Wednesday, September 15, 2010

Awareness!!

Why the hell have I not written something on this before?

Fucking Awareness! That's all I have to say.

It's responsible for everything. Everything good, that is.

I'm pretty sure that the majority of us do everything we do with no awareness to it whatsoever. I am guilty of this myself to some degree. Definitely not as much as I used to be though.

I have accepted, for example, that eating food without being aware of what's in it, will make me fat. In fact eating certain amounts of food will do the same thing, if not consciously monitored. I have been concious of this now for approximately 8 years. 8 years, watching everything I eat and drink. Damn if that doesn't take awareness just to execute.

There was a time when not being aware of who I was or where I was, was difficult to deal with. Man if that wasn't a huge wake-up call I dunno what was. I used to get these crazy panic attacks just from day dreaming, I think. Just spending too much time thinking. Projecting. Escaping. All the usual shit we try to justify a lot.

I cannot think of one negative thing about being aware of what you're doing.

Yeah yeah yeah, so you know what I'm talking about. But strangely enough, most people have no idea at all.

Obese people, Drunks, Drug addicts, Abusive people, Bigots, Zealots, Prejudiced people and so on.

All unconscious. All spending too much time thinking about things. All trying to get away from their thoughts or changing the world to suit their "dream" world. People who continue to try "lose weight" without ever changing the process that makes them so to begin with. People who refuse to acknowledge they have a problem or the reality of their condition. People who use stimulants to give them a bigger kick of reality, to lose "inhibitions" (in other words, the thoughts that make them insecure) People who fabricate differences in races based on scrutiny and bias. People who aren't happy enough to be alive, but are afraid of death, like it's separable from life. People who cling so hard to possessions and  items rather than the common good of mankind. People who think their situation is the only "right" way to be. It's actually a strain to put myself in their shoes.

But anyway, just about everything bad you can pin to a person in this existence is down to ignorance, over thinking and lack of awareness. We have brains. they are capable of some tremendous things, solving problems, situations, big ideas. But we are obsessed with them. We over use them. Smokers? Refuse to become aware of the fact that their cigarettes that they work hard and pay for are killing them. Nobody wants to acknowledge that if they have something they want to do in this life, one day they'll be too old and tired or sick, to do it. One shot my friend, become aware of that. Breathe, listen, watch, feel, touch, smell... do whatever. Just stop thinking for a while. Conjuring up reasons why/why not. Thinking you are too good/not good enough. Time is ticking. That is, your body is getting older. Clock time isn't against you only your on-board ticker. And no one that thinks too much is going to help you out. Think on your feet. Be impulsive. Create. Say. Do. Be. Just start fucking existing. How many girls have I lost to the ideas in their heads? How many conversations have been interrupted by those who don't listen but just keep thinking while you're talking to them?

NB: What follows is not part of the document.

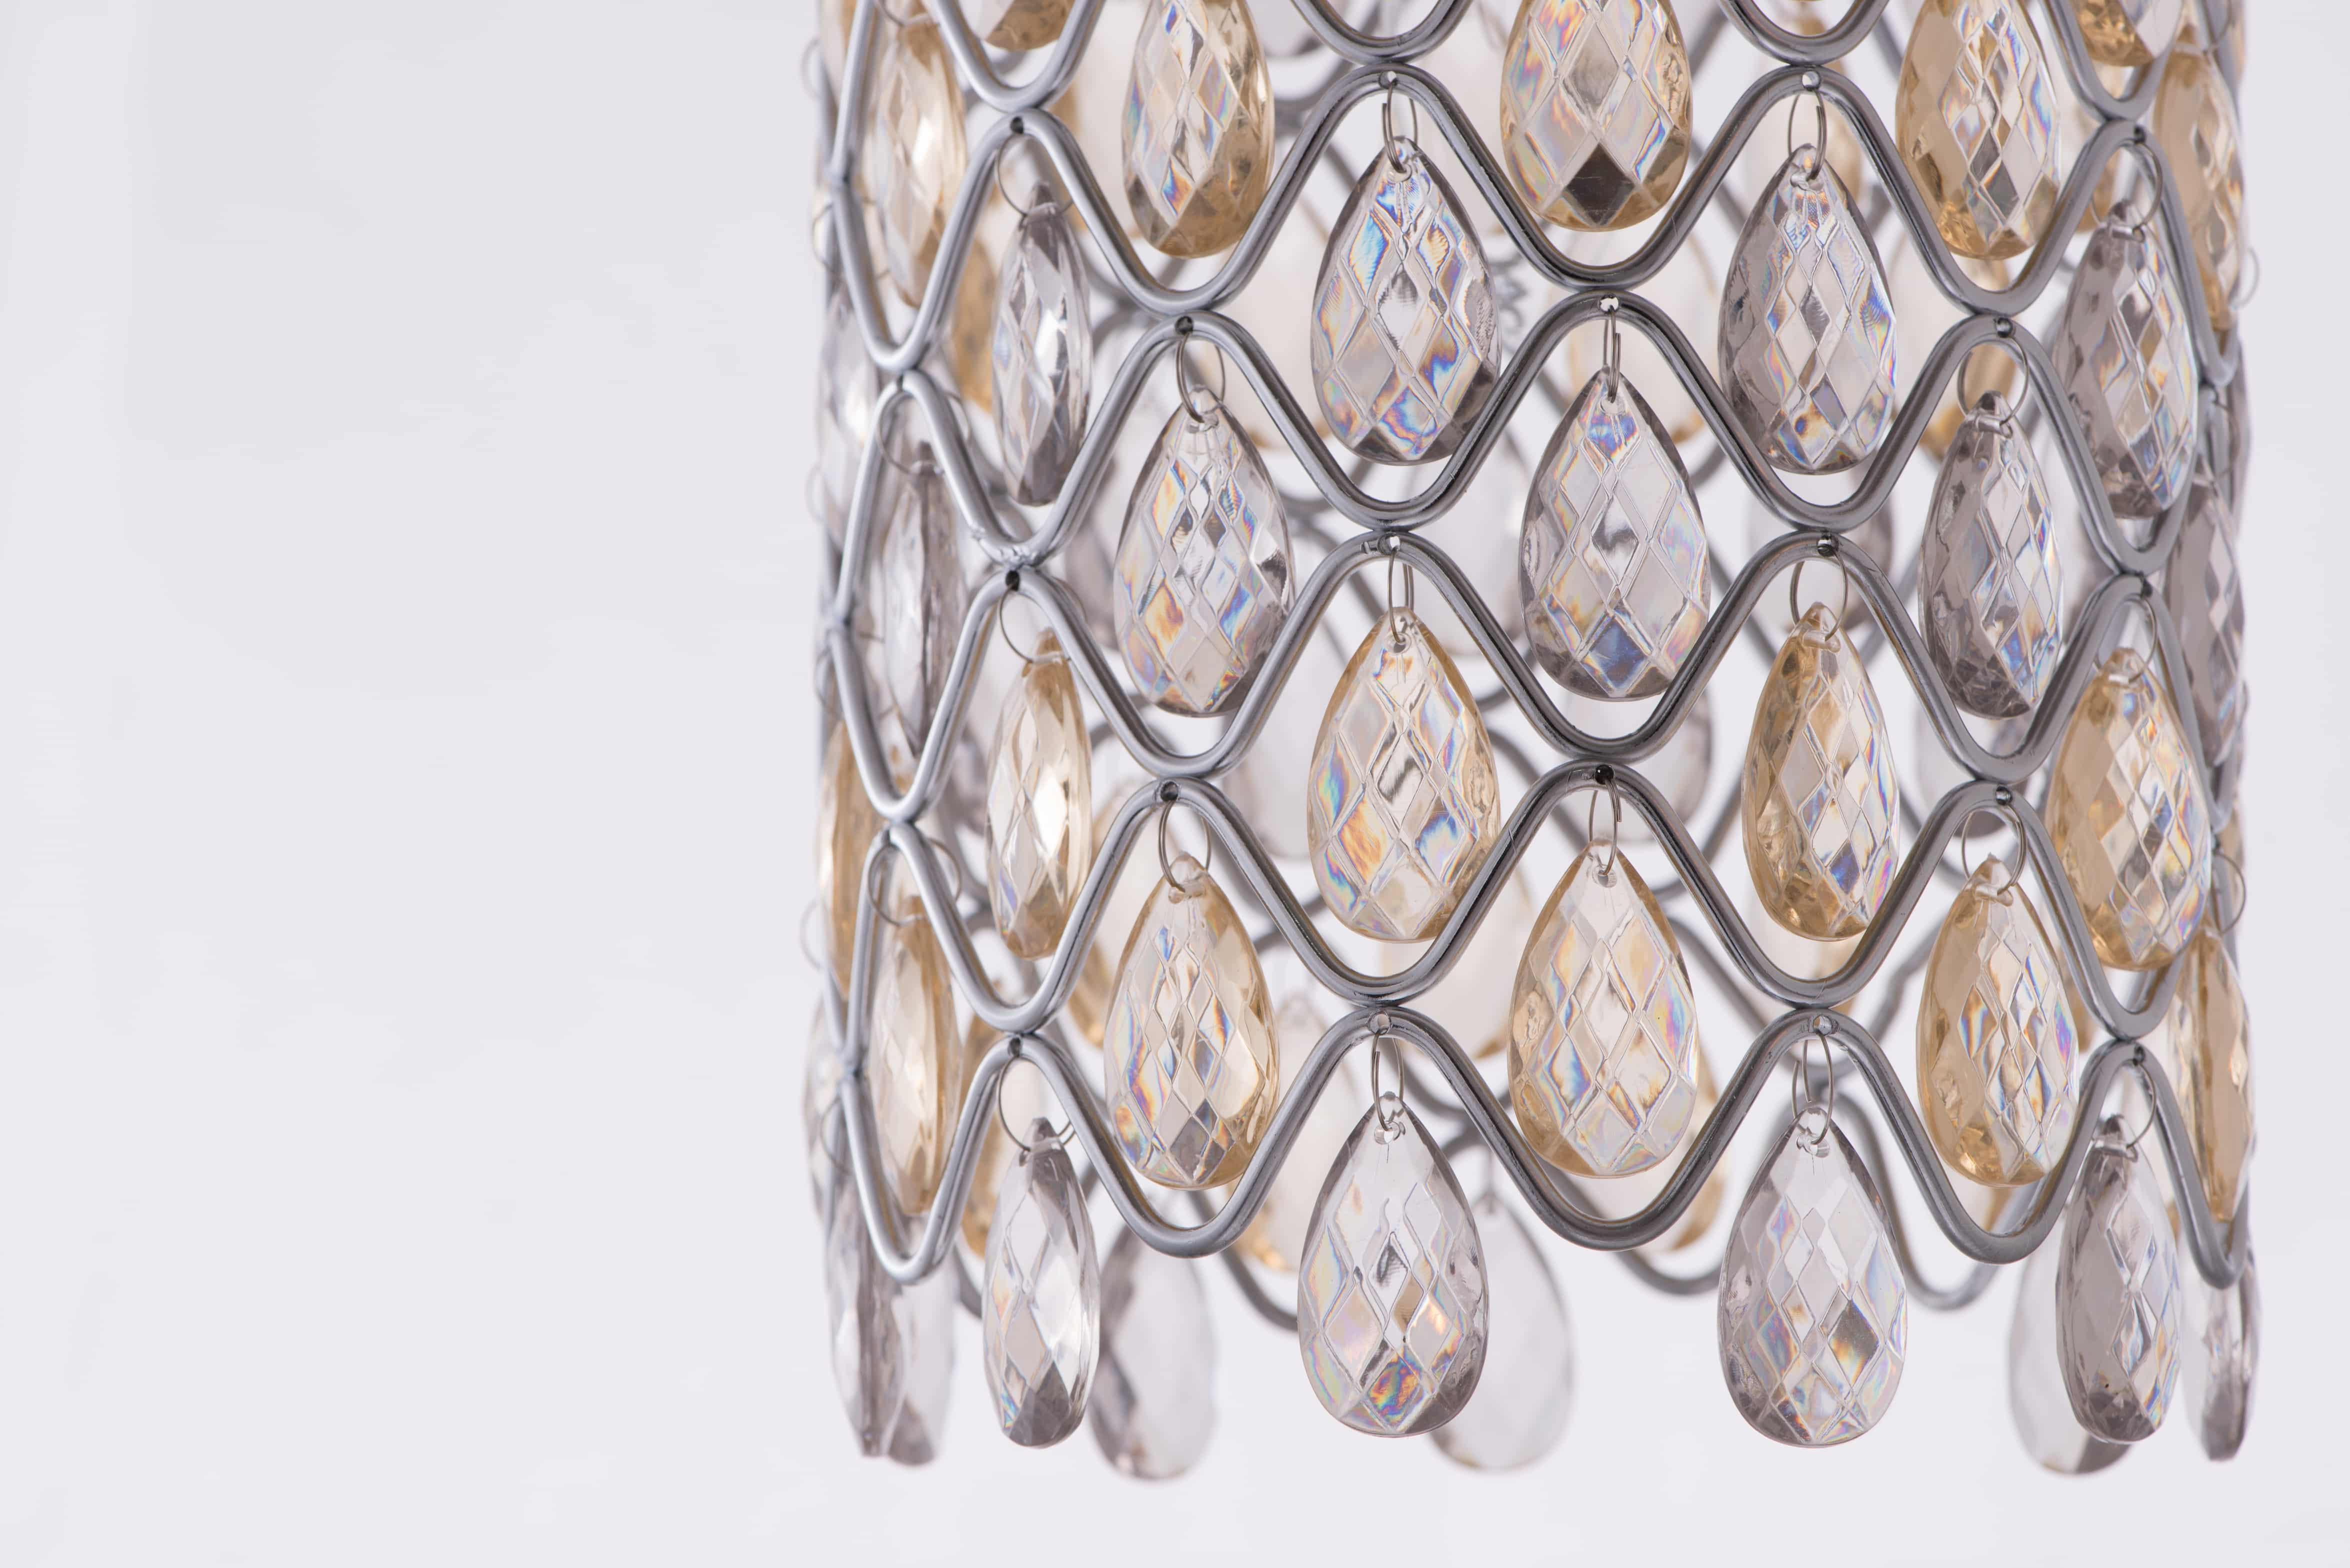 鍍鉻波浪紋壓克力珠吊燈-BNL00051 2

And as soon as you become aware of something, don't let it go. Don't lose it to a daydream or a projection of what may never happen. Stay with it.

Let's be honest, your life pretty much depends on it.

Thursday, September 9, 2010

Too Much Ire And Not Enough... Fice?

I've heard it said that people think Bill Hicks is a loudmouth. Suffice to say, these people are idiots.

OK, I'm not about to take out the judgement broom and start whapping people with it, but I would go as far as saying that people who are afraid to think for themselves are foolish. And once you let foolishness take over your being, you are an idiot for doing so. When you start lambasting the free opinions of one individual with generalisations shared by many hive minded idealists, you may as well serve your brain out on a platter, eat it up and then shit it into the toilet where it belongs.

Anyway, I happen to think Bill Hicks is genius. But not in a Stephen Hawking or Albert Einstein type of way, just in an Everyman kinda way, because everyone who appreciates this kind of "comedy" (I would say it were more spoken word myself) Knows themselves that they would like to have the courage to do it too. They know that there is simple truth behind it and that is the simple genius I'm addressing. I didn't know until I watched it today (Revelations - Bill Hicks) that I was setting myself along that road too.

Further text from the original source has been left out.